BOSTON — A patient in Canada contracted a multiclass resistant strain of HIV-1 despite long-term adherence to pre-exposure prophylaxis, according to data presented at CROI 2016.
The case is the first to demonstrate failure with Truvada (emtricitabine/tenofovir disoproxil fumarate, Gilead Sciences; FTC/TDF), which is associated with nearly 100% (95% CI, 86-100) HIV prevention efficacy, according to presenter David C. Knox, MD, HIV primary care provider at the Maple Leaf Medical Clinic in Toronto.
“Failure of PrEP in this case was likely due to the transmission of a PrEP-resistant, multiclass resistant strain of HIV-1,” Knox said during a presentation.
Knox’s patient, a man aged 43 years, initiated FTC/TDF in April 2013. The patient underwent seven nonreactive, fourth-generation HIV screening tests before HIV antigens were detected in May 2015. Two to 6 weeks before the reactive test, the patient reported multiple acts of anal receptive sex with casual male partners without the use of condoms.
HIV serology was repeated 7 days later and revealed a low p24 antigen concentration just below the limit of a positive result. In light of possible baseline nucleoside reverse transcriptase inhibitor (NRTI) mutations and resistance, the patient was assigned Prezista (darunavir, Janssen) with Norvir (ritonavir, AbbVie), or DRV/r, and Isentress (raltegravir, Merck).
“At this point, as the treating provider, I became concerned that this could be a true breakthrough HIV infection in the context of PrEP because my patient was adamant that he’d been adherent to his PrEP over the preceding 24 months,” Knox said.
Knox and colleagues launched an investigation to confirm whether the patient was adherent to PrEP. They collected pharmacy dispensing records for FTC/TDF and performed liquid chromatography-mass spectrometry (LC-MS) on a plasma sample collected during the initial reactive test to examine TDF and FTC concentrations. The researchers also collected dried blood spots (DBS) on day 16 to evaluate tenofovir diphosphate (TVF-DP) concentrations.
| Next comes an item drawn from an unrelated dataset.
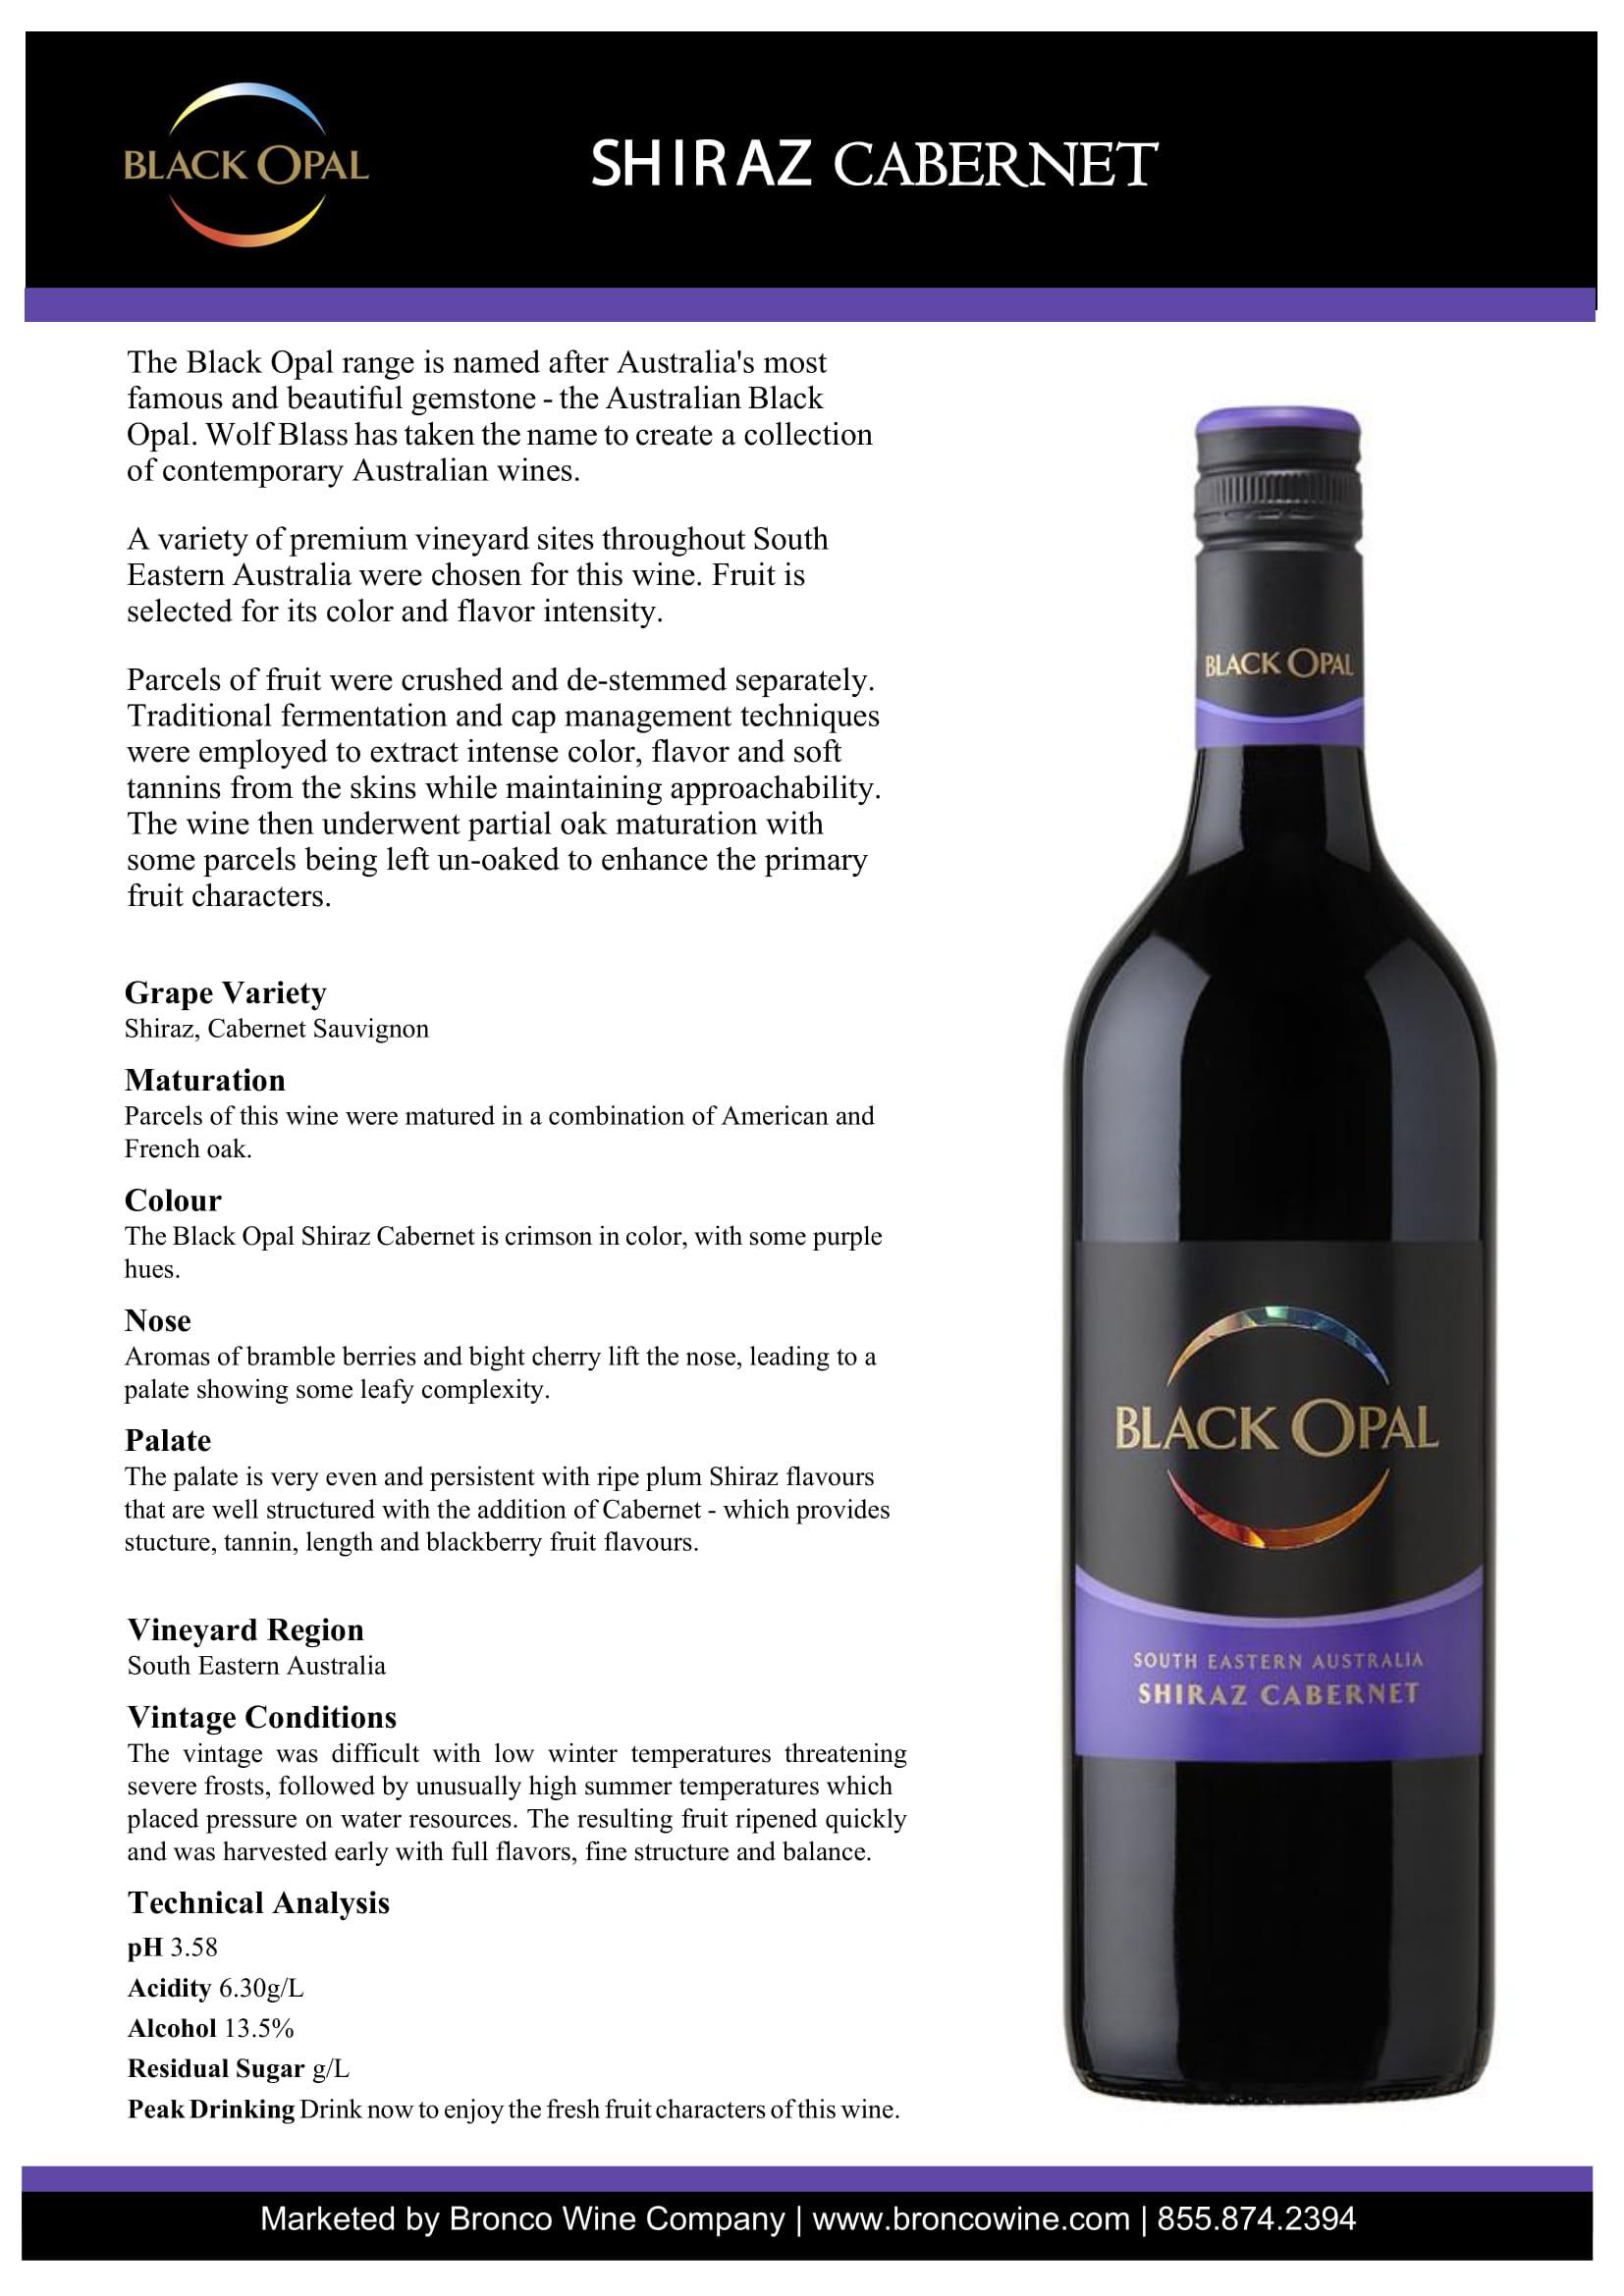 Black Opal Shiraz Cabernet Tech Sheet

Pharmacy records showed timely prescription refills, and DBS testing revealed a TVF-DP concentration level of 2,297 fmol/punch, suggesting that PrEP was consistently utilized during the time of seroconversion.
“The DBS-observed TFV-DP concentrations were substantially greater than the expected concentrations for 20 days of therapy with TDF/FTC,” Knox said. “This suggests that there were substantial amounts of TFV-DP in the patient’s red blood cells in the 1 to 3 months prior, which would have overlapped with the patient’s clinical and laboratory seroconversion. Previous literature has demonstrated that dried blood spot concentrations of only 700 fmol/punch have been associated with protection from HIV.”
Initial results of LC-MS were inconclusive; however, repeat screening with a more sensitive assay showed there was 150 ng/mL of TDF, Knox said. FTC was above the quantification limit.
Standard and deep sequencing revealed the virus was a CCR5-tropic clade B HIV-1 strain with mutations resistant to NRTIs (41L, 67G, 69D, 70R, 184V and 215E), non-nucleoside reverse-transcriptase inhibitors (181C) and integrase strand transfer inhibitors (INSTIs; 51Y, 92Q).
“The baseline NNRTI and INSTI mutations suggest this was a case of transmitted rather than acquired resistance,” Knox said. “Importantly, the presence of the 215E mutation, which is a revertant of the 215 Y/F mutation, is known to evolve in the absence of NRTIs, and is a commonly reported transmitted mutation. So, its presence also supports the conclusion that this is a case of transmitted resistance.”
Knox and colleagues concluded that the patient’s resistance profile indicated that he was exposed to the virus from someone who was failing a Stribild (elvitegravir/cobicistat/FTC/TDF, Gilead Sciences) regimen.
“The clinical history, pharmacy records, the LC-MS results consistent with recent dosing and the dried blood spots consistent with long-term dosing of FTC/TDF suggest that HIV infection is, in fact, possible despite adherence to oral daily PrEP,” Knox said.
He added that the findings have clinical implications for the future of HIV treatment and prevention, and suggested that physicians increase baseline resistance testing to integrase-based regimens, which are included in five of six new Department of Health and Human Services-recommended regimens for treatment-naive patients.
“The ability to study rare events that occur during PrEP treatment has to be balanced with the feasibility of storing HIV nonreactive samples for potential future analysis,” he said. “As we look toward how PrEP may evolve in the future, it’s important to understand how breakthrough infections today and baseline resistance to the integrase class may impact the efficacy of PrEP options available to us in the future.” – by Stephanie Viguers
Knox DC, et al. Abstract 169aLB. Presented at: Conference on Retroviruses and Opportunistic Infections; Feb. 22-25, 2016; Boston.
Disclosure: Knox reports serving as a consultant for Merck and ViiV Healthcare, and receiving funding from Gilead Sciences.